O que segue abaixo são fortes imagens do que acontece quando você viaja com quem acha que conhece.

Primeiro dia de viagem, ele e ela estão em frente à câmera. Os dois sorrindo, felizes por estarem juntos.

Para a câmera.

- Oi eu sou o Anderson.

- Oi eu sou a Clara.

- E esse é o nosso diário de viagem, resolvemos fazer ele para registrar a nossa primeira viagem juntos, estamos na casa de um amigo numa praia paradisíaca, numa ilha deserta.

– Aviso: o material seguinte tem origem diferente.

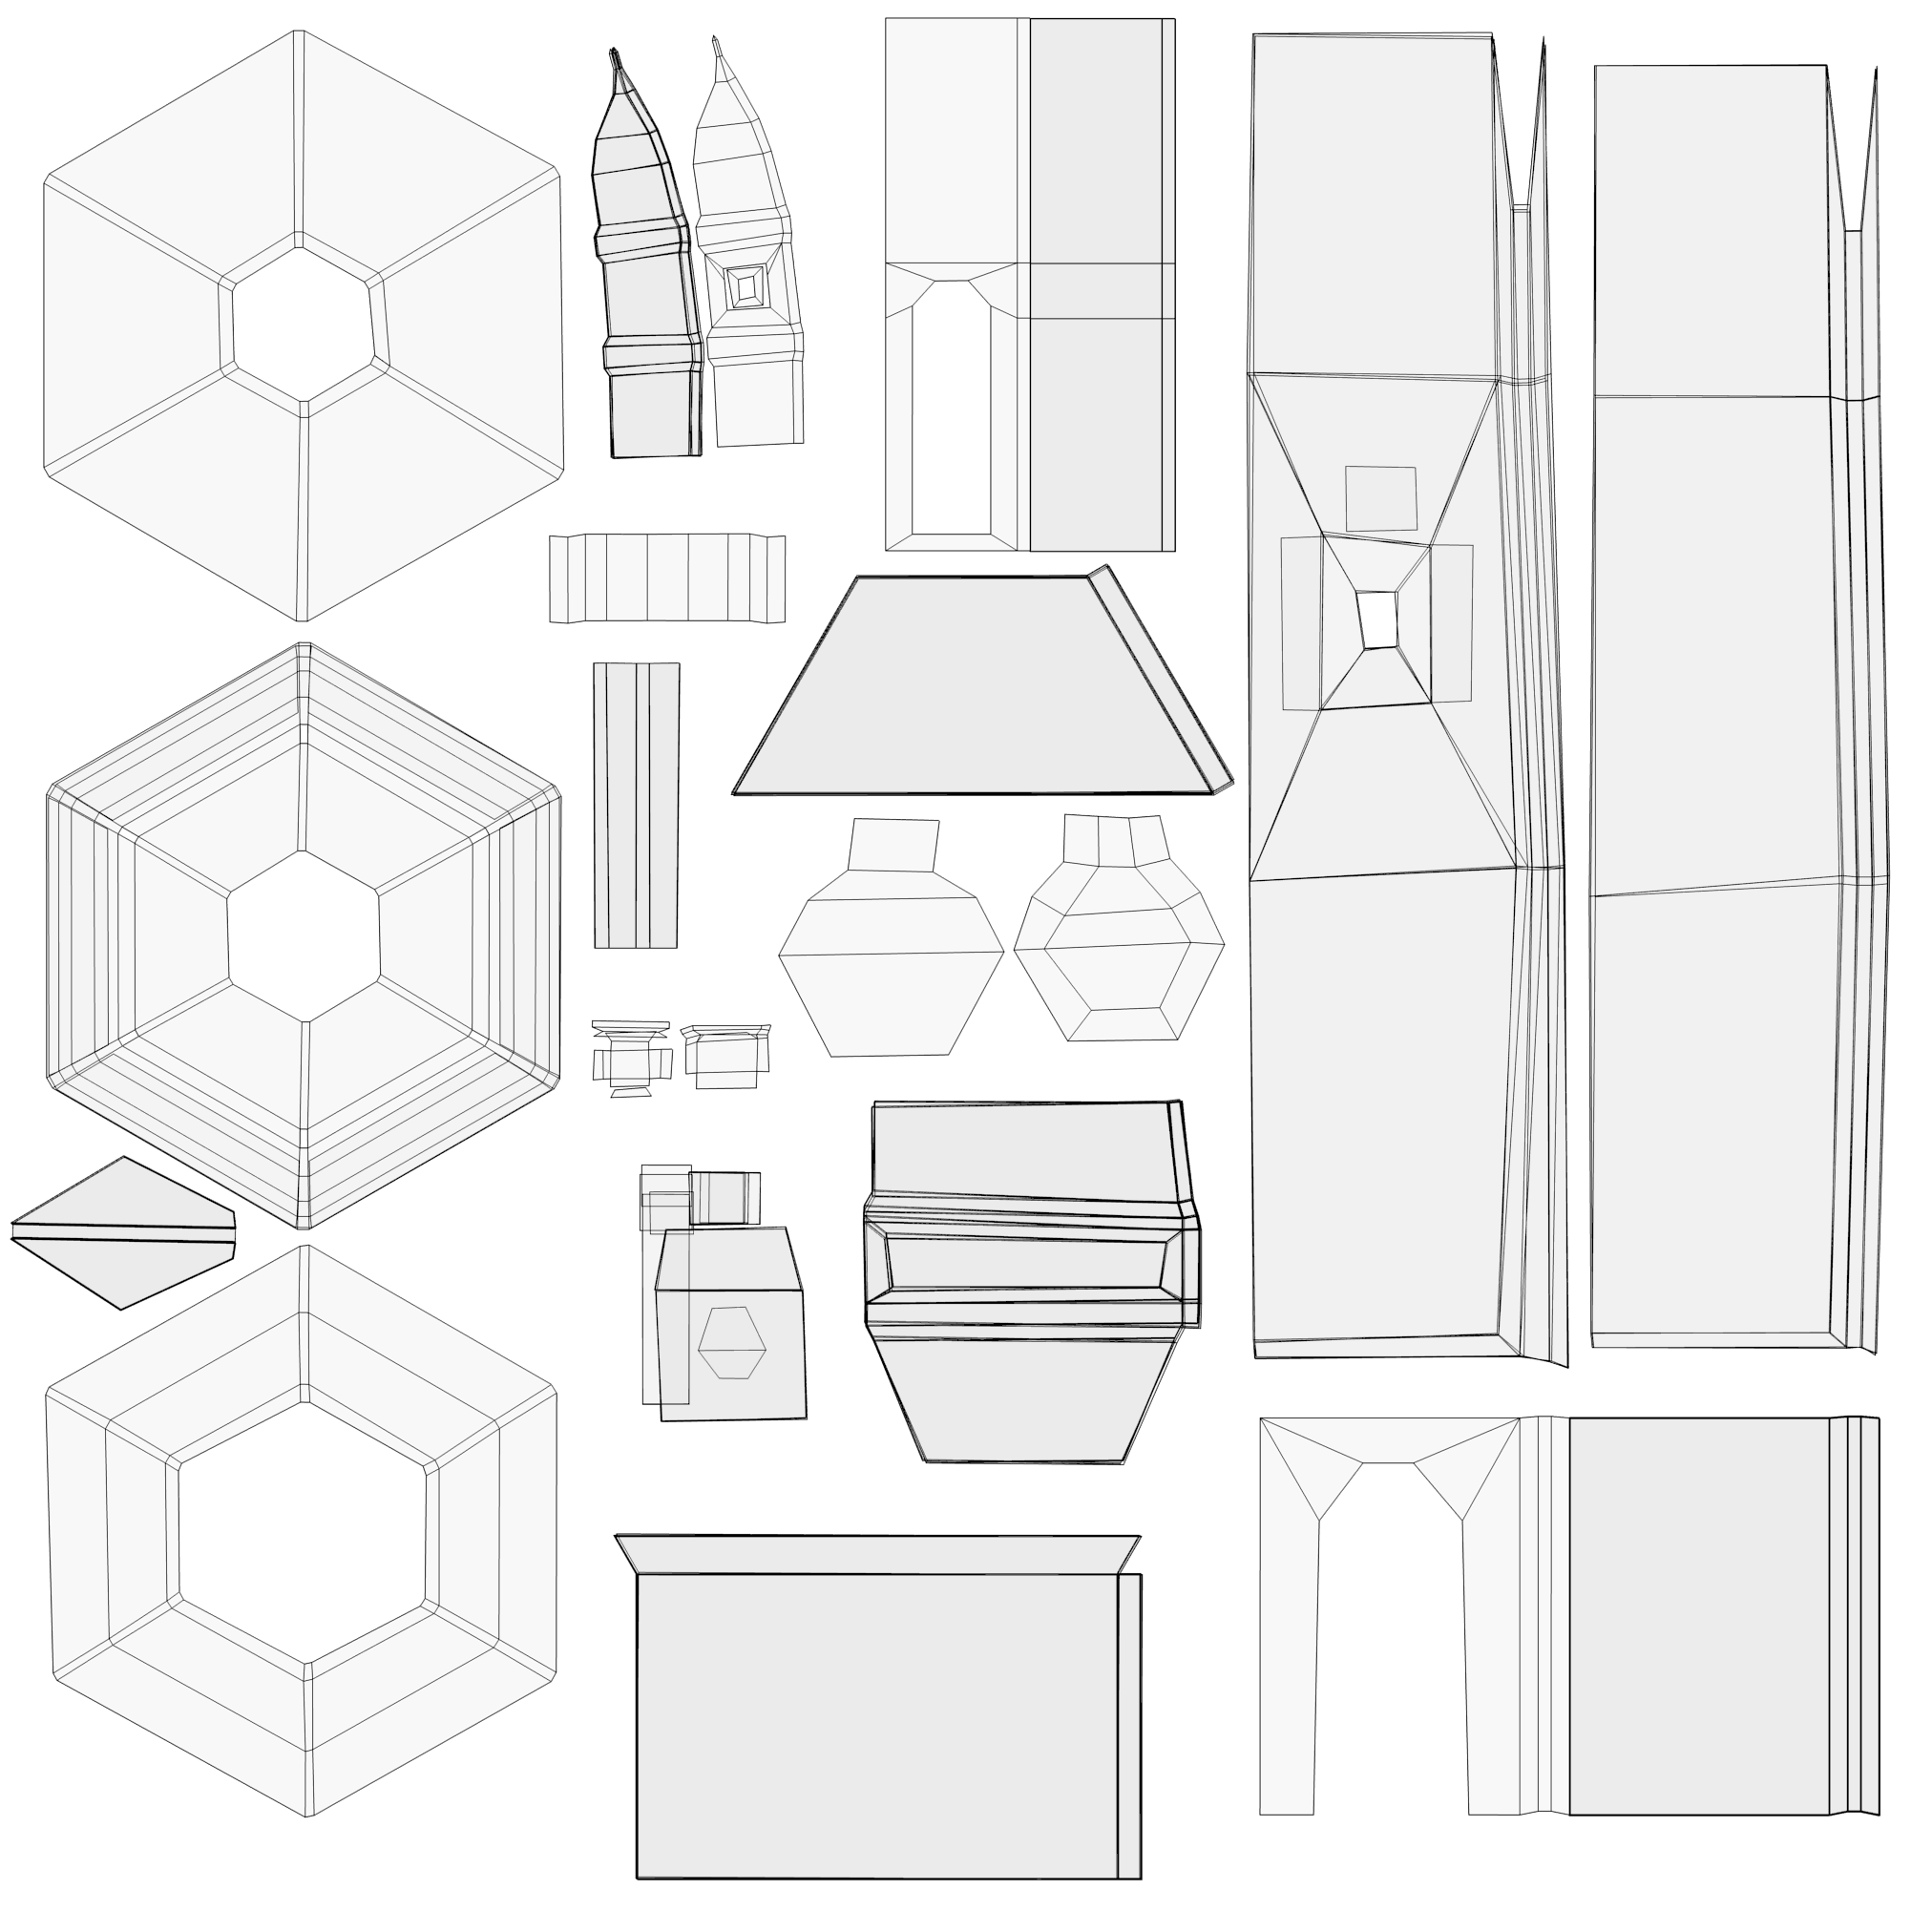 arab moorish minaret low poly building model 3D Model

- Parece que estamos na ilha de Lost.

- hahahaha... engraçadona. Temos a ilha só pra nós. A ilha é nossa!

- Nossa e do urso que está lá fora.

Ele olha para ela e ri.

- Está chovendo, mas segundo a previsão do tempo amanhã vai dar sol.

- Isso. Ta com cara mesmo. É chuva de verão.

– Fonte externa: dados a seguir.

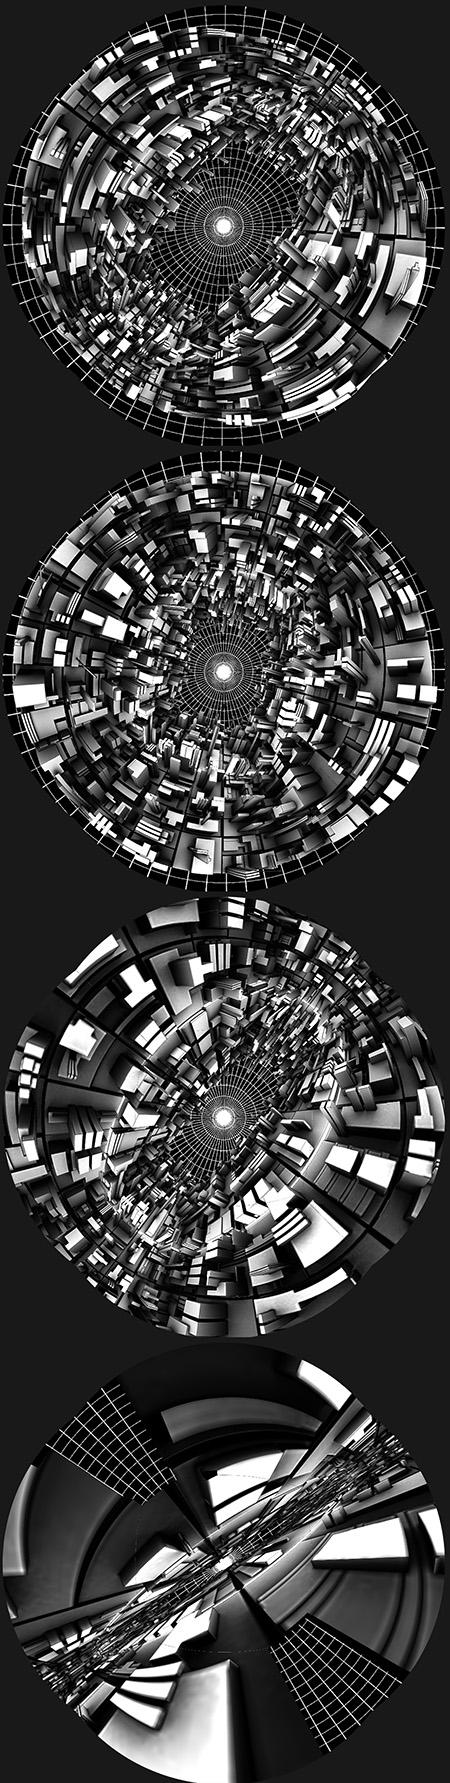 QUANTUM: Spherical Mapping

- Agora vamos descansar porque foi uma longa viagem.

- Foi longa porque ele se perdeu e não quis parar para pedir informação.

Vira para ela.

- Eu não me perdi Clara, peguei o caminho mais longo para ficarmos mais tempo juntos.

- eu sei amor, to brincando.

Silencio. Volta para a câmera.

- Como eu sou um cara prevenido e sabia que em algum dia ia chover trouxe jogos, baralho, domino, xadrez, quite praia dia de chuva.

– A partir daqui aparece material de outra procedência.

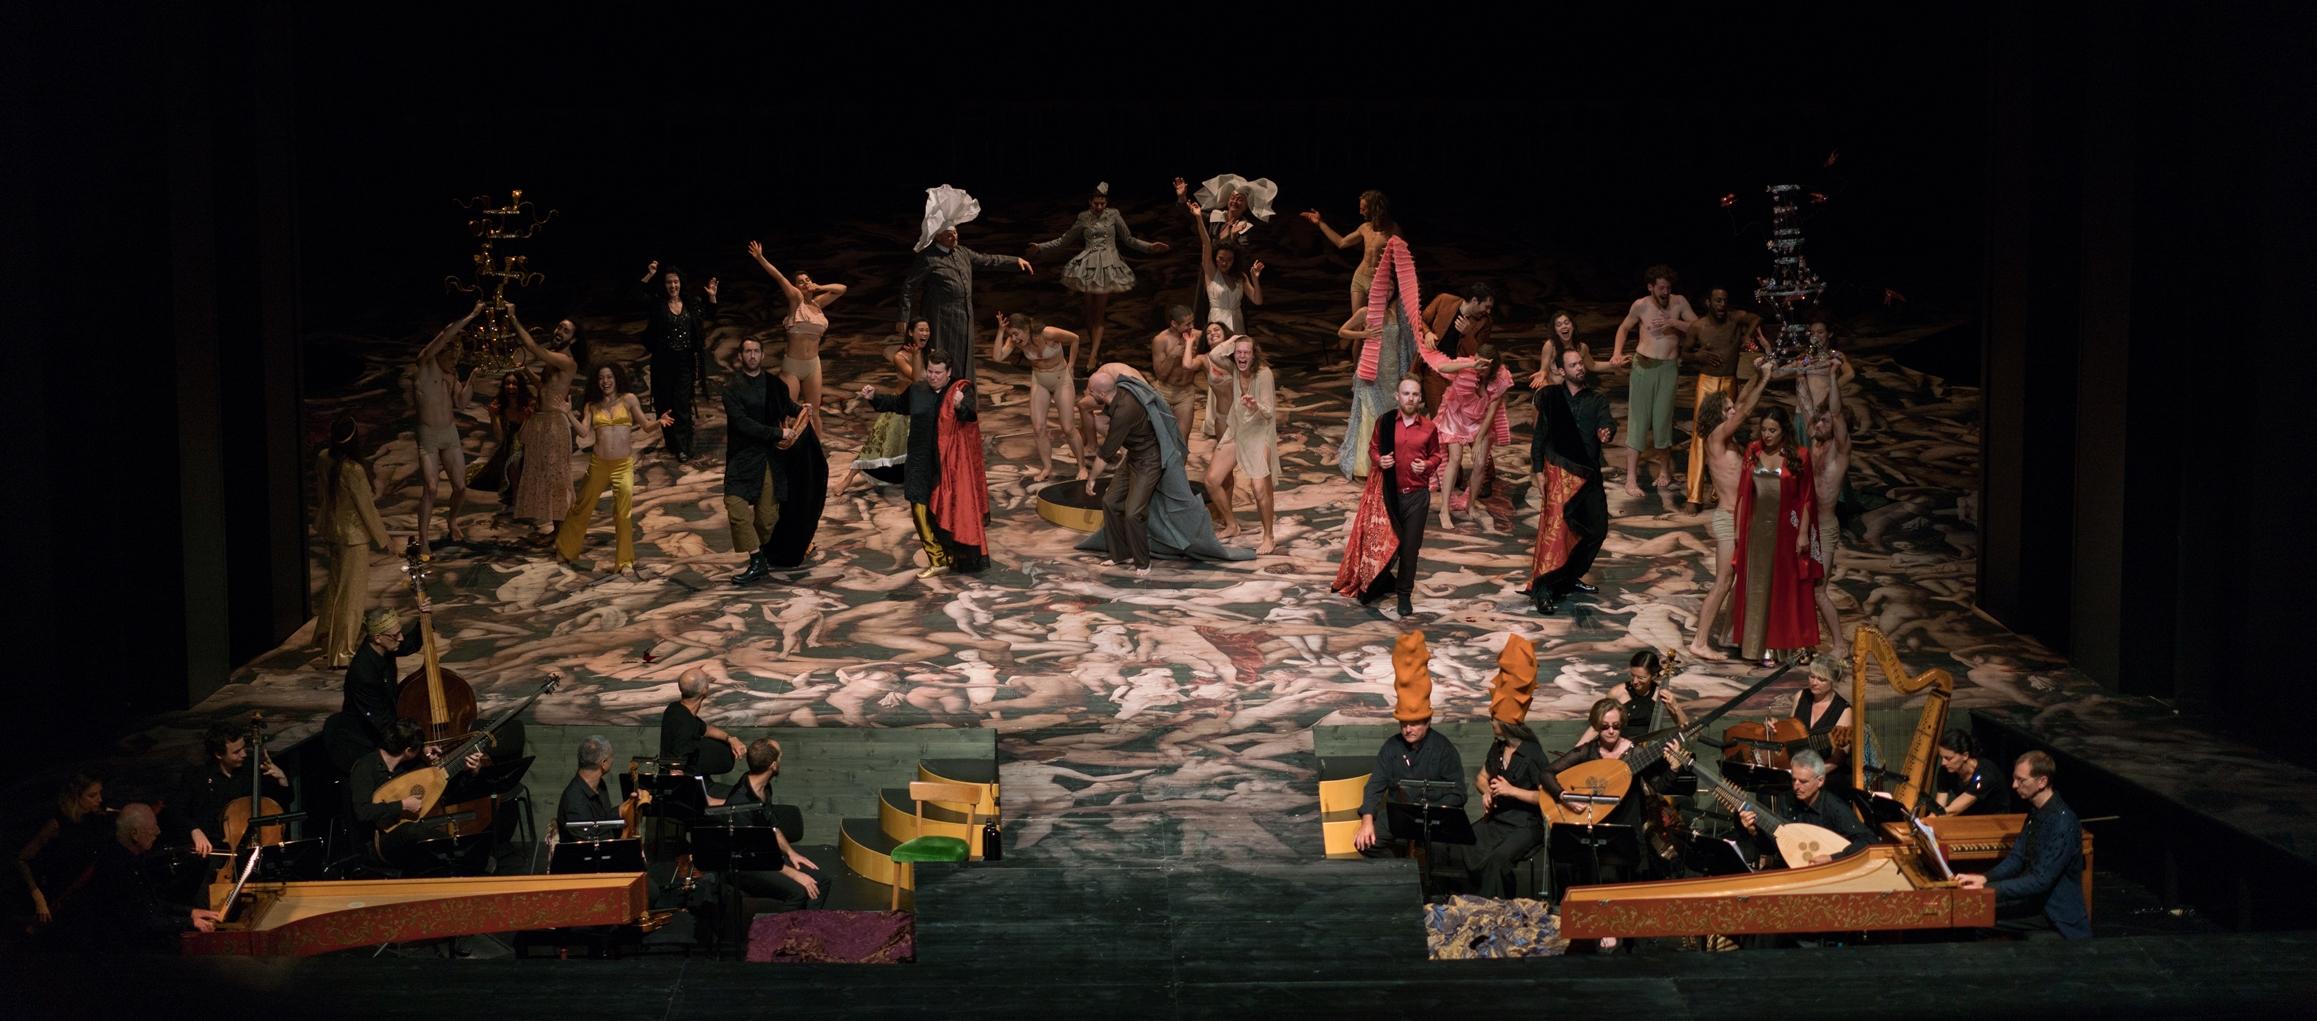 Salzburger Festspiele / Maarten Vanden Abeele

- Ih já não basta perder na cidade, quer perder aqui também.

- Coitada. Agora vamos desligar e aproveitar que não podemos sair e brincar aqui dentro. E eu vou mostrar pra você como seu namorado é bom.

Os dois se beijam apaixonadamente. Ele desliga a câmera.

Segundo dia de viagem, os dois novamente em frente à câmera.

Para a câmera.

- Opa aqui é Anderson.

- E aqui a Clara.

- Segundo dia de viagem.

- E a chuva continua.

- Continua, mas estamos nos divertindo mesmo assim.

- É.

Silencio. Ele para de olhar para câmera e olha para ela.

- Estamos mesmo.

- Foi isso que eu disse.

Ele balança a cabeça.

- Isso tudo é muito romântico. O lugar, o ambiente, a casa.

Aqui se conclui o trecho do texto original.